Другой точкой отправления для современного романа была итальянская новелла; вместо рыцарской среды — среда итальянского города с ее богатой буржуазией, развитой личностью и относительной сохранностью классического образовательного предания. Эпоса здесь нет, его забыли еще до Вергилия, зато жива та Lust zum Fabulieren [Желание рассказывать (нем.)], которая характеризуется для Средних веков сборниками фабльб и легенд, восточных рассказов и нравоучительных прикладов. Они и явились материалом для итальянской новеллы. Я имею, главным образом, в виду создателя этого художественного рода — Боккаччо. В его пересказе ходячие темы преобразились в нечто новое, типические образы прибаутки или умильной повести приближаются к характерам, характеры раскрываются перед нами в их побуждениях, надеждах, опасениях, их обстановка содействует их освещению, как и стиль рассказа, строгий в грустной феодальной легенде о Гризельде, смеющийся в сказке о веселой, беззаботной дочери царя del Garbo: там замок и бедная деревня, здесь блуждание по морям и долам, точно в греческом романе, с которым Боккаччо был отчасти знаком.
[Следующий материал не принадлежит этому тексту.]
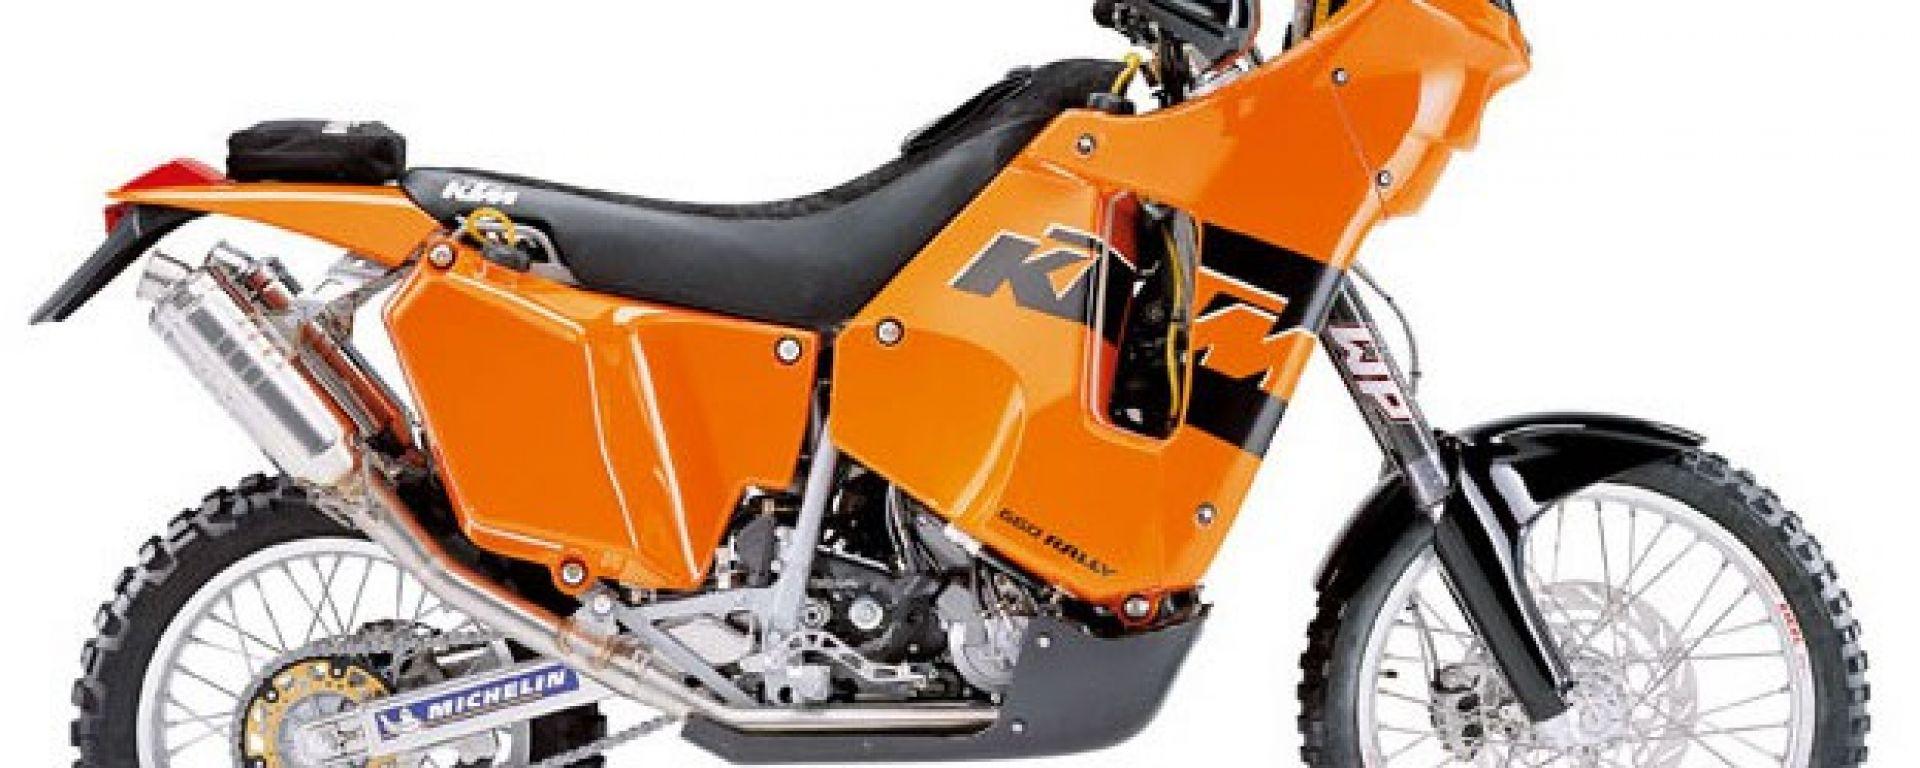 KTM LC4 Adventure R
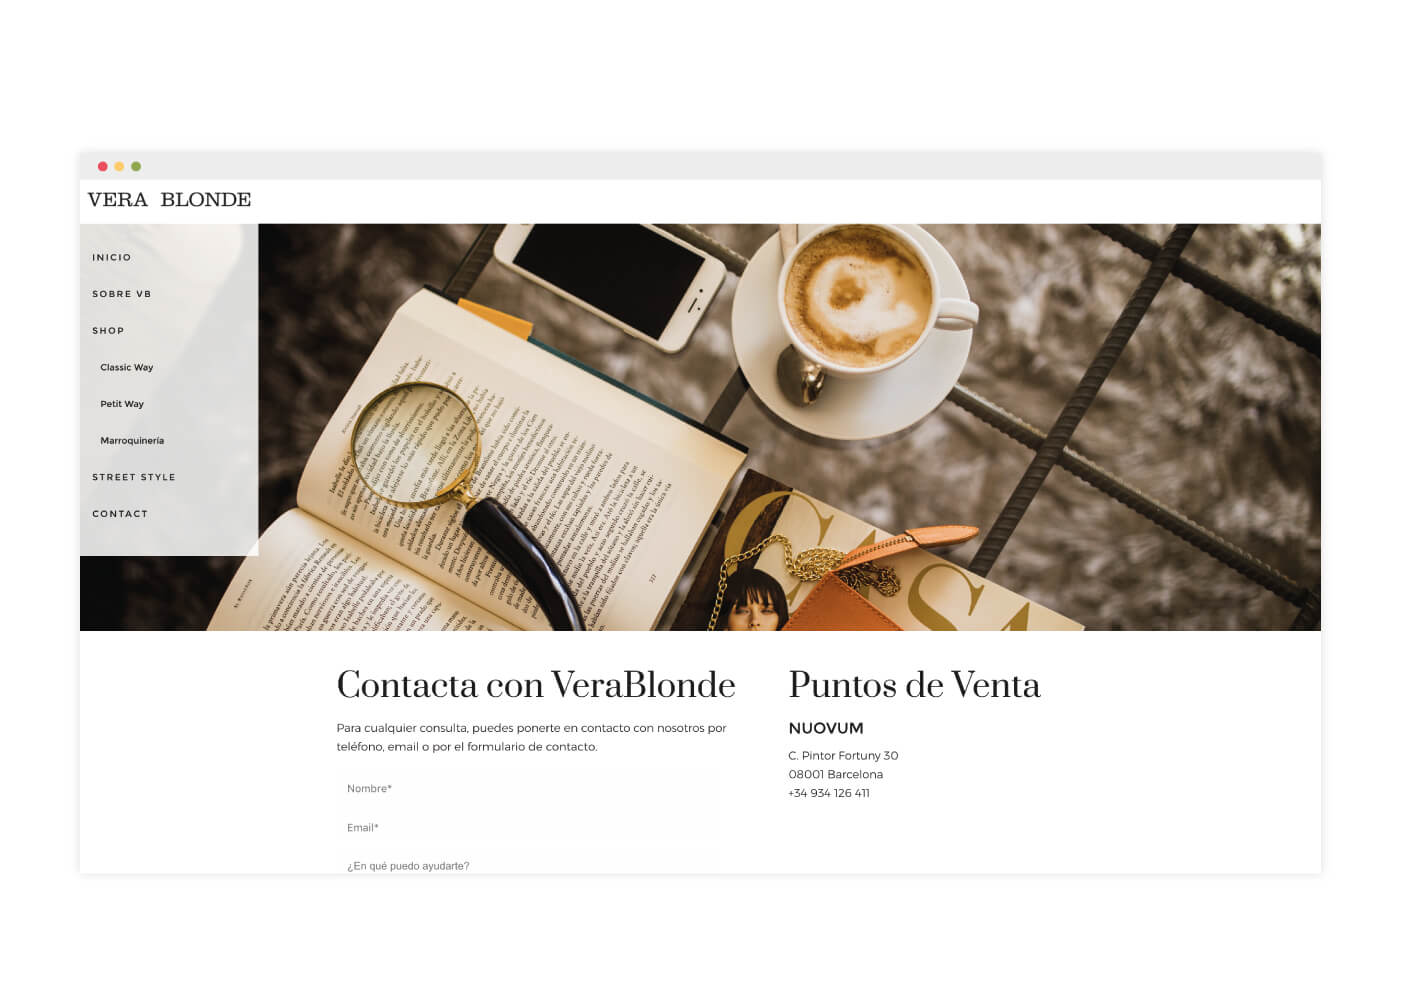 diseno-programacion-tienda-online-bolsos-vera-blonde-9

Такова итальянская новелла, один из источников новвейшего романа. Сам Боккаччо сделал к нему приступ в своей Fiammetta’e, повести, бедной действием, наполненной анализом чувств любящей, оставленной женщины, колеблющейся между отчаянием и надеждой, живущей воспоминаниями, жадно хватающейся за каждое слово, прислушивающейся к каждому слуху о милом, чтобы снова чаять или опасаться. В Fiammetta’e есть длинноты и свойственный Боккаччо приедающийся риторизм; тем не менее это — первая попытка психологического романа в Европе, интересная и по своему биографическому материалу; автор рассказал нам, под другими именами, историю своей собственной любви, как в XV в. Эней Сильвий взял сюжет своей латинской повести о Лукреции и Эвриале из романтических похождений Гаспара Шлика с одной сиенской горожанкой.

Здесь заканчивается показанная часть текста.